The Bitcoin cryptocurrency makes extensive use of the SHA-256 hash function. This hash function (in common with many others) takes a block of data and generates a long number (a "hash" or "digest") from it. Retrying the function with slightly different data is overwhelmingly likely to result in a completely different hash. Bitcoin mining requires that you find blocks with hashes smaller than a target value. This target value is set by the current "difficulty level", which adjusted is so that the average time between each sucessful mining operation remains approximately ten minutes. The format of these blocks (Bitcoin Headers) is described here. In practice, the only way to do this is to keep changing the data in some way, then retry the hash function over and over again. The Bitcoin header contains a value called a "nonce" that is specifically designed for this purpose, though the time field can also be used (within limits).

The probability of a given header having a suitably small hash is amazingly small. As a result, realistic mining rigs use dedicated hardware and are capable of trying different hashes at rates measured in tera (trillion, or 10¹²) hashes per second (Th/s). There is clearly no way that an 8-bit microprocessor designed in the 1970s (a Z80) can compete with this.

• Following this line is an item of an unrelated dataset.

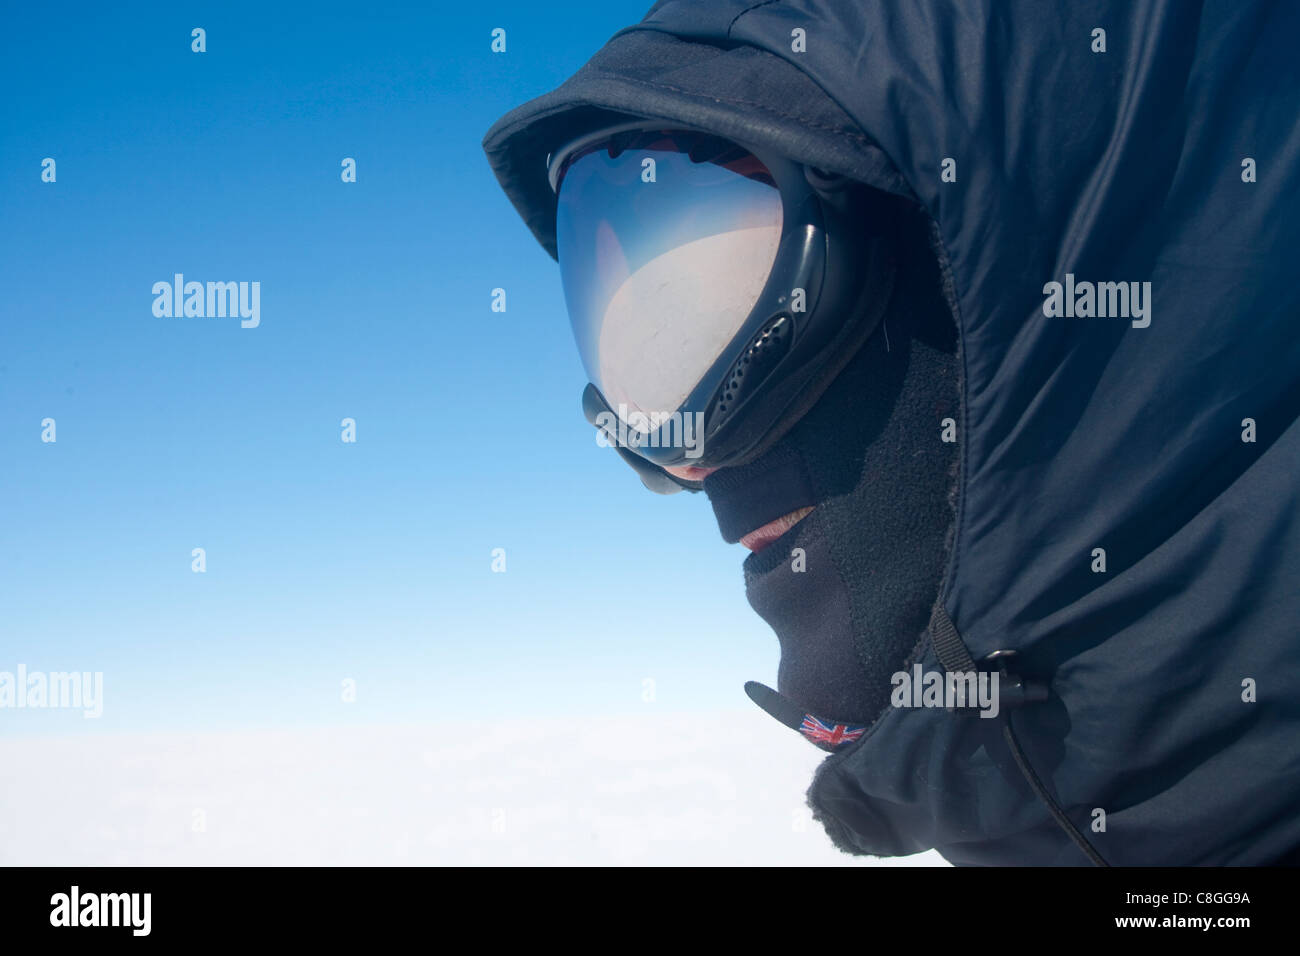 Portrait of polar explorer dressed for Arctic conditions, inland ice, Greenland, Polar Regions Stock Photo

The SHA-256 algorithm is itself relatively straightforward. It is based on 32-bit arithmetic and involves simple functions such as rotates and exclusive ORs. Most of this processing is repeated 64 times, and as Bitcoin uses double SHA-256, this entire thing must be repeated. The result is that each hash requires quite a lot of processing. My homebrew Z80 system ("ZARC") runs at 8 MHz, and manages approximately 5.5 hashes per second. That's a long way from that required for any practical mining rig. It does, however, demonstrate the principles nicely.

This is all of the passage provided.